In appropriately Eighties fashion, CSX stood for Carroll Shelby eXperimental. The good people at Shelby Automobiles took turbocharged examples of the Dodge Shadow and shipped them from Michigan (Sterling Heights Assembly) to Whittier, California, Shelby’s headquarters.

Revised shock absorbers and springs swapped with the factory units. Disc brakes were also added, sourced straight from the Daytona Shelby Z. Dodge alloy wheels were tossed in favor of a unique wheel design reserved solely for the CSX. A single color scheme was available: black over silver, with a blue stripe. The standard Shadow’s grille was replaced by a single-slot Shelby design that featured a CSX decal. Dodge badges were removed entirely, and Shelby or CSX badging took its place. Interior changes were minimal, and seemingly limited to the four-spoke sports wheel.

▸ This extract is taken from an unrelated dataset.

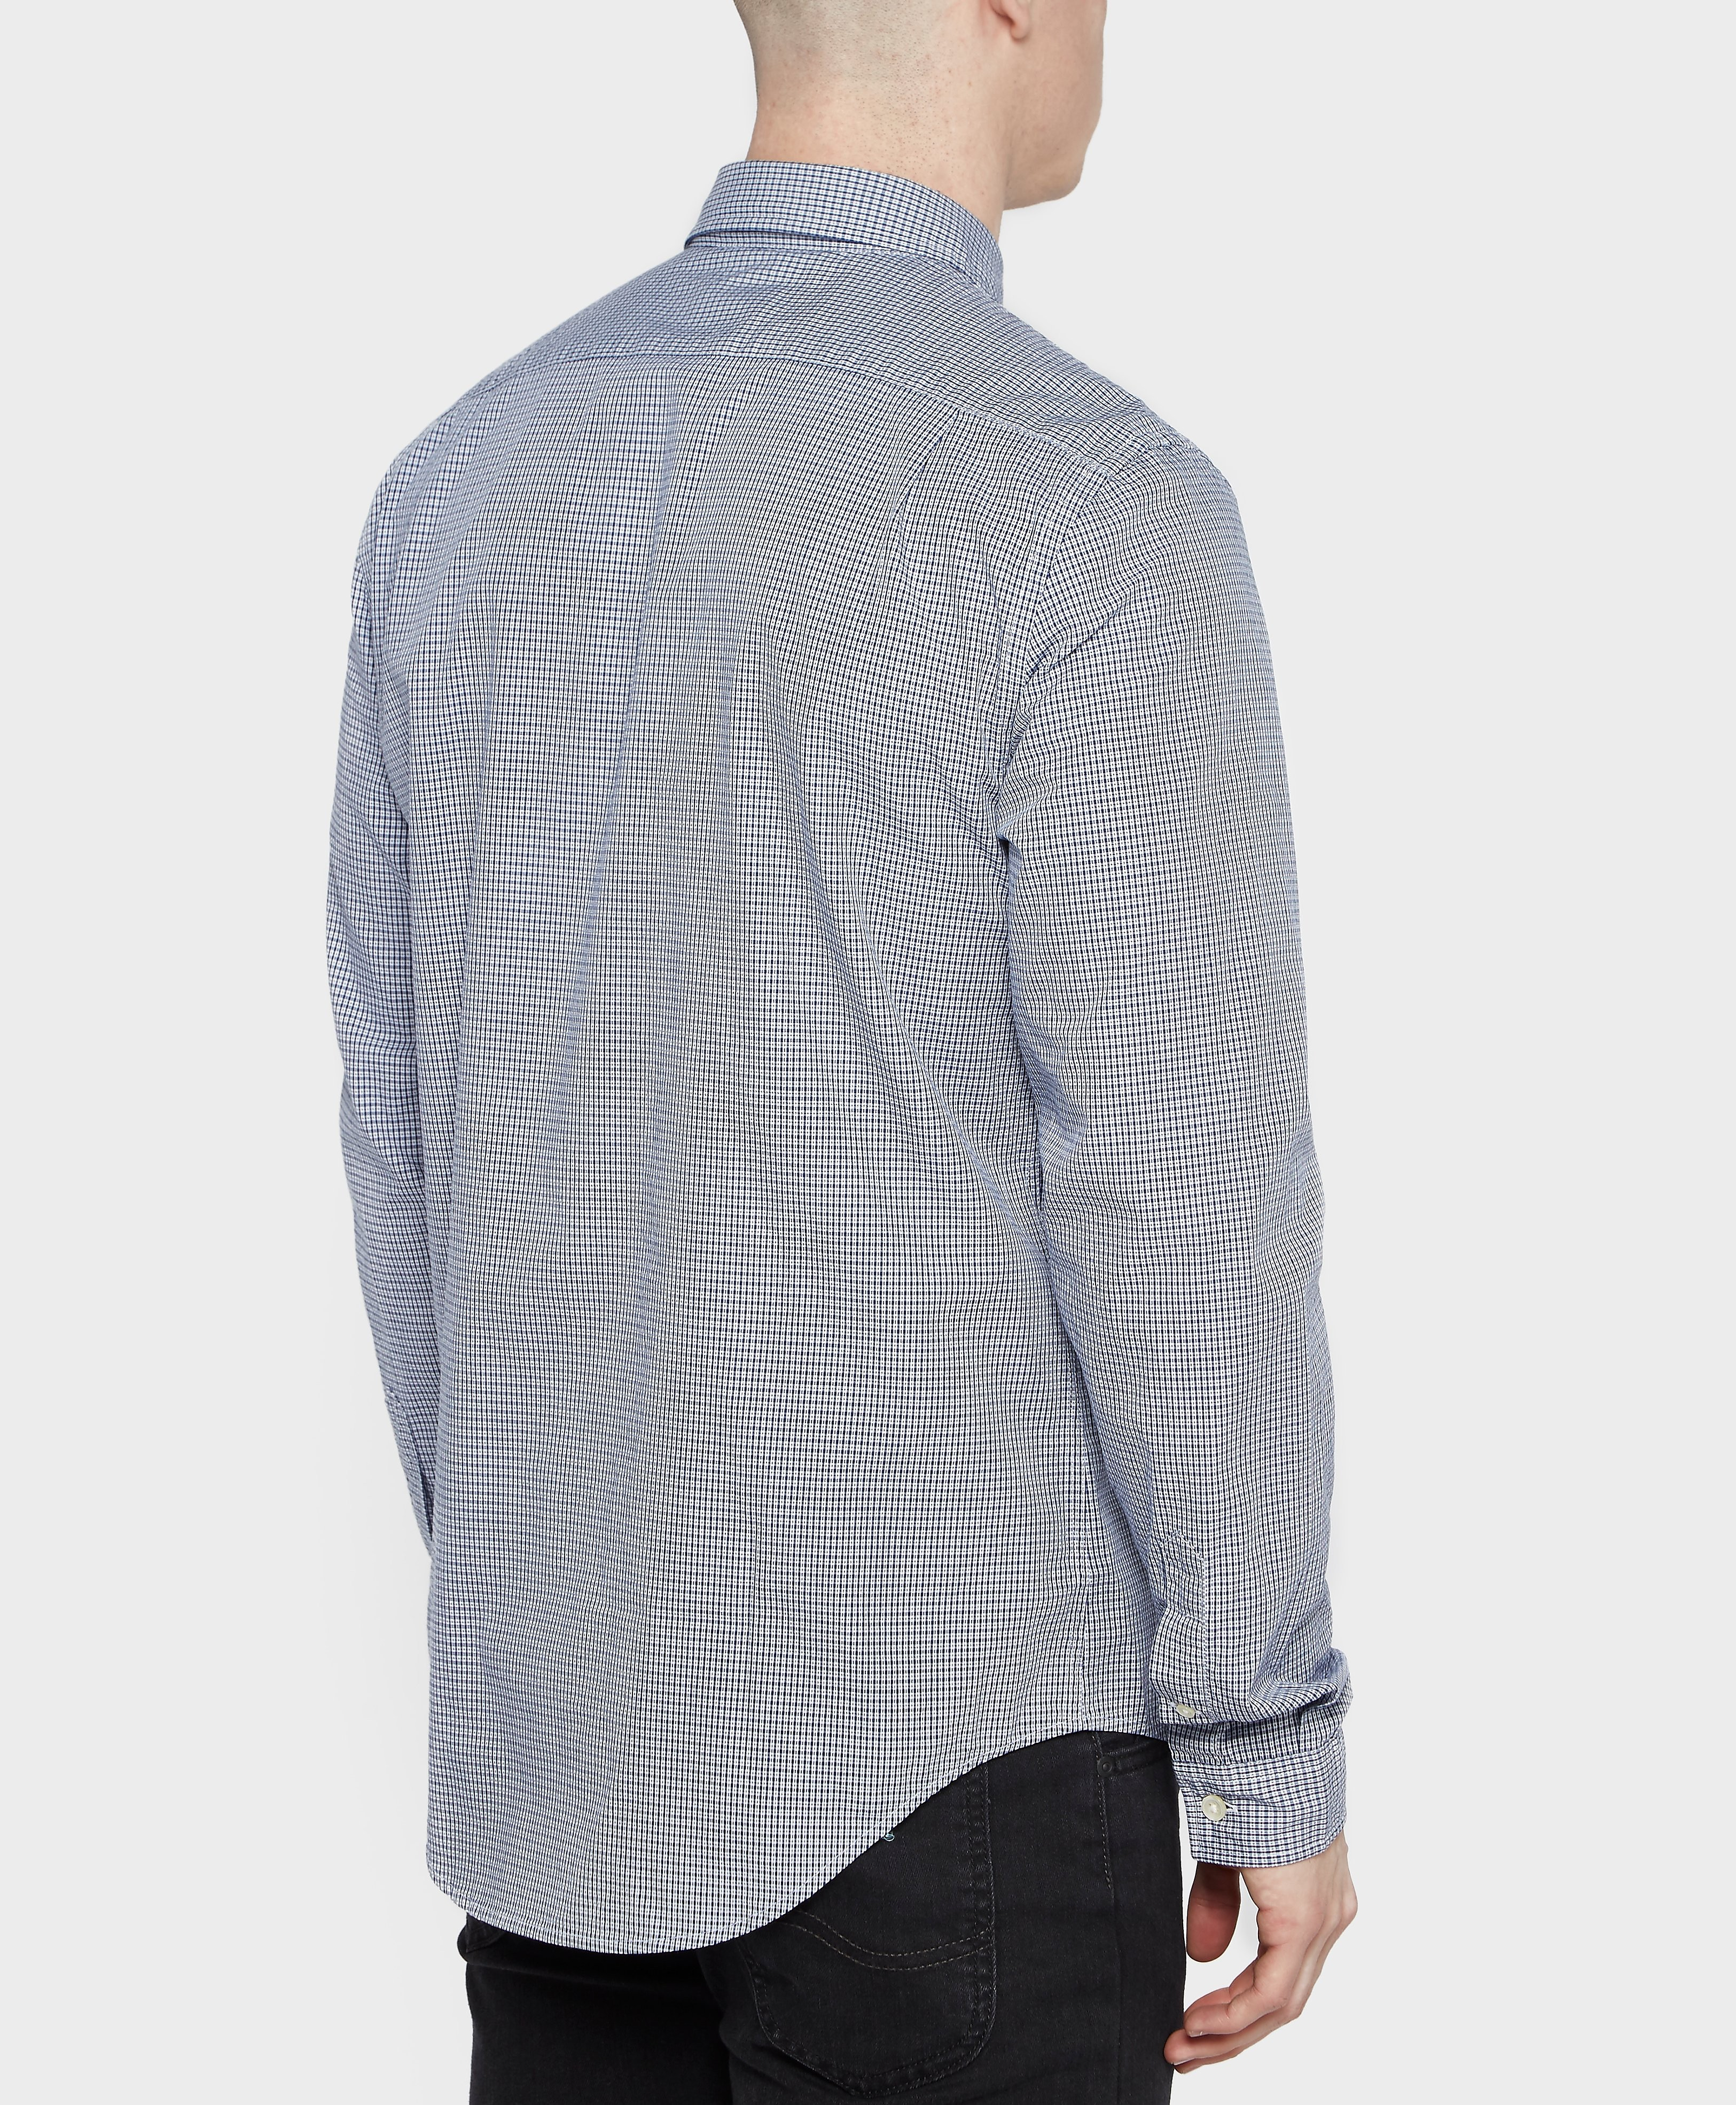 Lacoste Poplin Check Shirt

Shelby did not alter the stock engine for use in the CSX. Powering all examples was the 2.2-liter Turbo II engine found in other sporty Dodge products of the period. It produced 175 horsepower and 200 lb-ft of torque, routed through a five-speed manual. The CSX was produced only in 1987, and limited to 750 examples. With zero available options, CSX asked $13,495 ($30,000 inflation adjusted). In 1987 context, the CSX was a performance car for people on a budget.

Thrifty got wind of the offering and liked the concept, so they hired Shelby to create the CSX-T (Thrifty) in 1988. Less powerful, the Thrifty cars used a Turbo I engine for 142 horsepower. All those examples were white and grey, and sold to Thrifty locations. One final run of CSX cars were made in 1989, called VNT. With a variable-nozzle Turbo IV engine and special lightweight wheels, the special run of 500 VNTs signaled the end of Shelby’s branding relationship with Dodge.

Today’s Rare Ride is in excellent condition, and presently for sale in the booming city of Toledo, Ohio. With 104,000 miles, it asks $5,000.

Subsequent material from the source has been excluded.